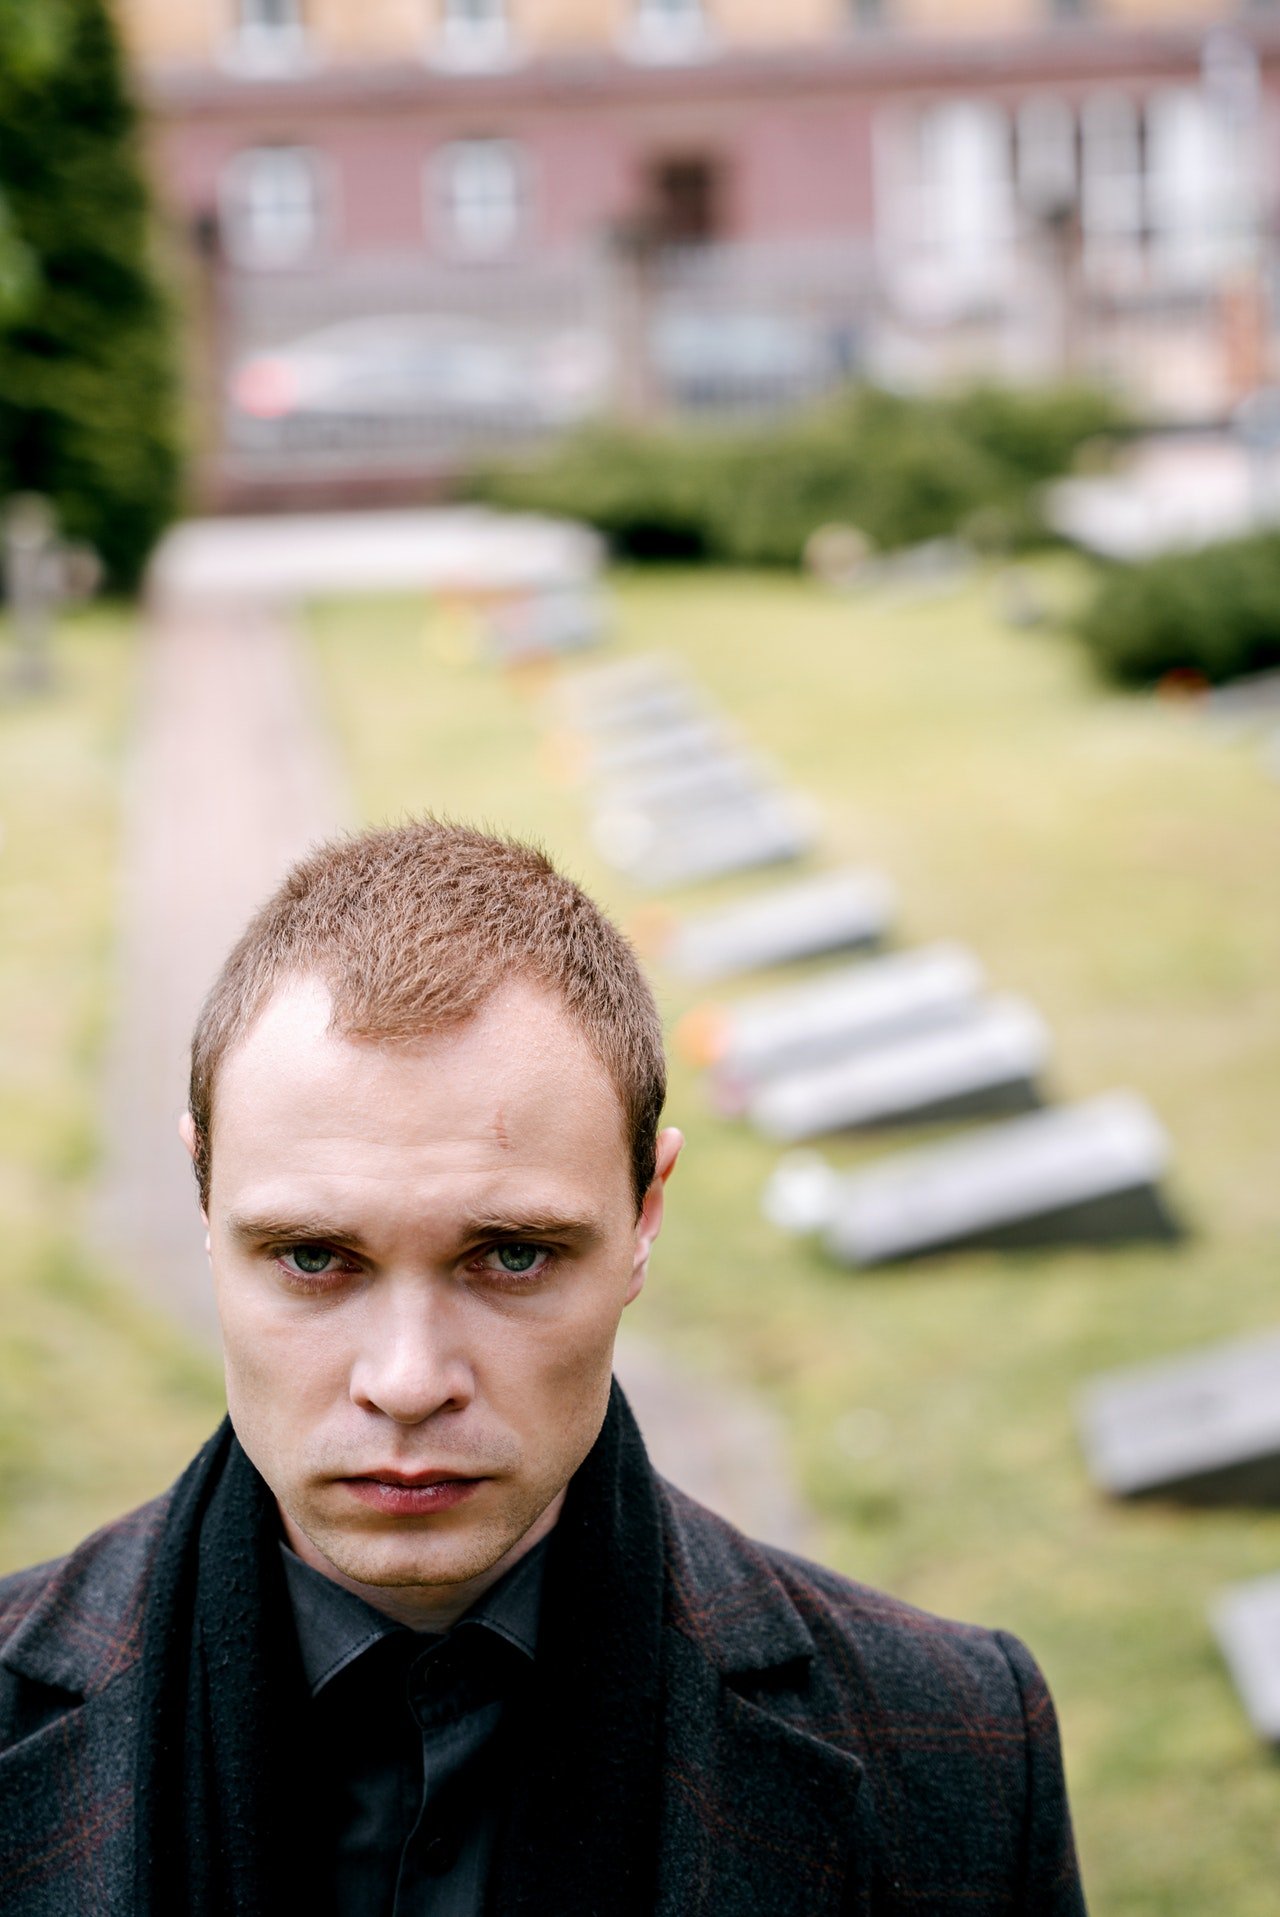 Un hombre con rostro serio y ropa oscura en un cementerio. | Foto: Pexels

* * *

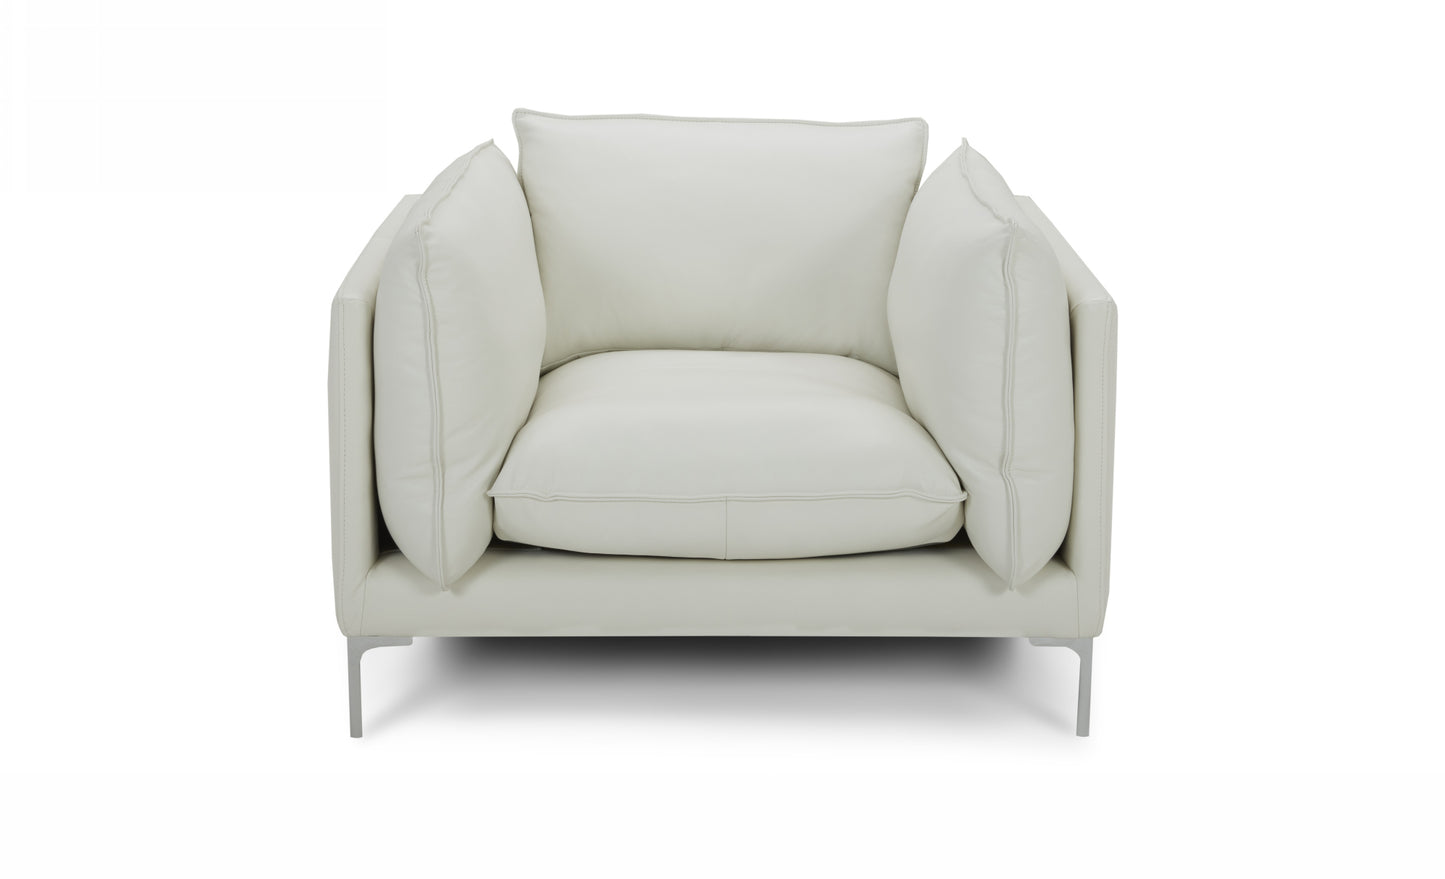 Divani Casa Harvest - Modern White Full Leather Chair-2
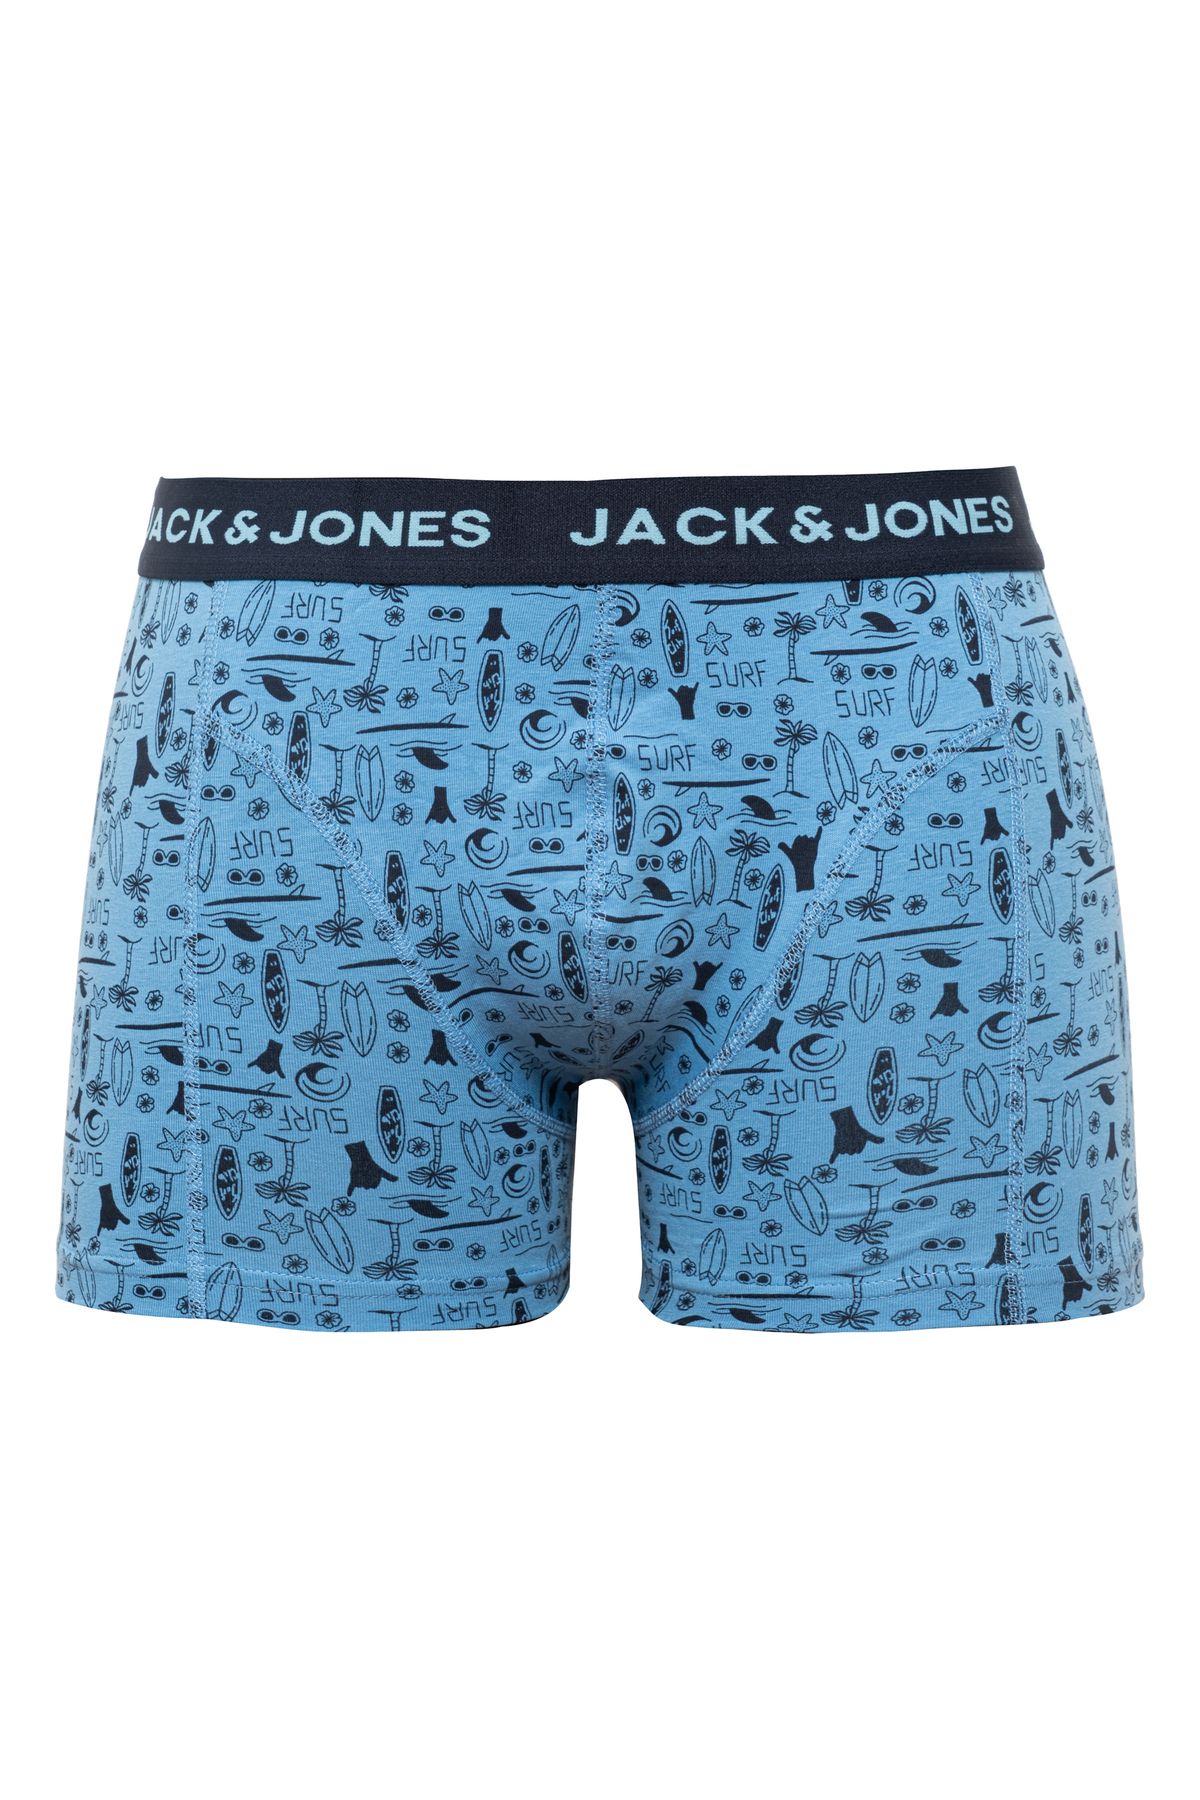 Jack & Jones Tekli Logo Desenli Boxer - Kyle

--

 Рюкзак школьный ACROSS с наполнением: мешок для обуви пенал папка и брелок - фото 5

The task
All pictures are to be skipped. Output, word for word, the lines in the data above starting at the line containing "Divani Casa Harvest" and ending at the line containing "Jack & Jones Tekli Logo Desenli Boxer - Kyle".

Exercise answer
 Divani Casa Harvest - Modern White Full Leather Chair-2
 Jack & Jones Tekli Logo Desenli Boxer - Kyle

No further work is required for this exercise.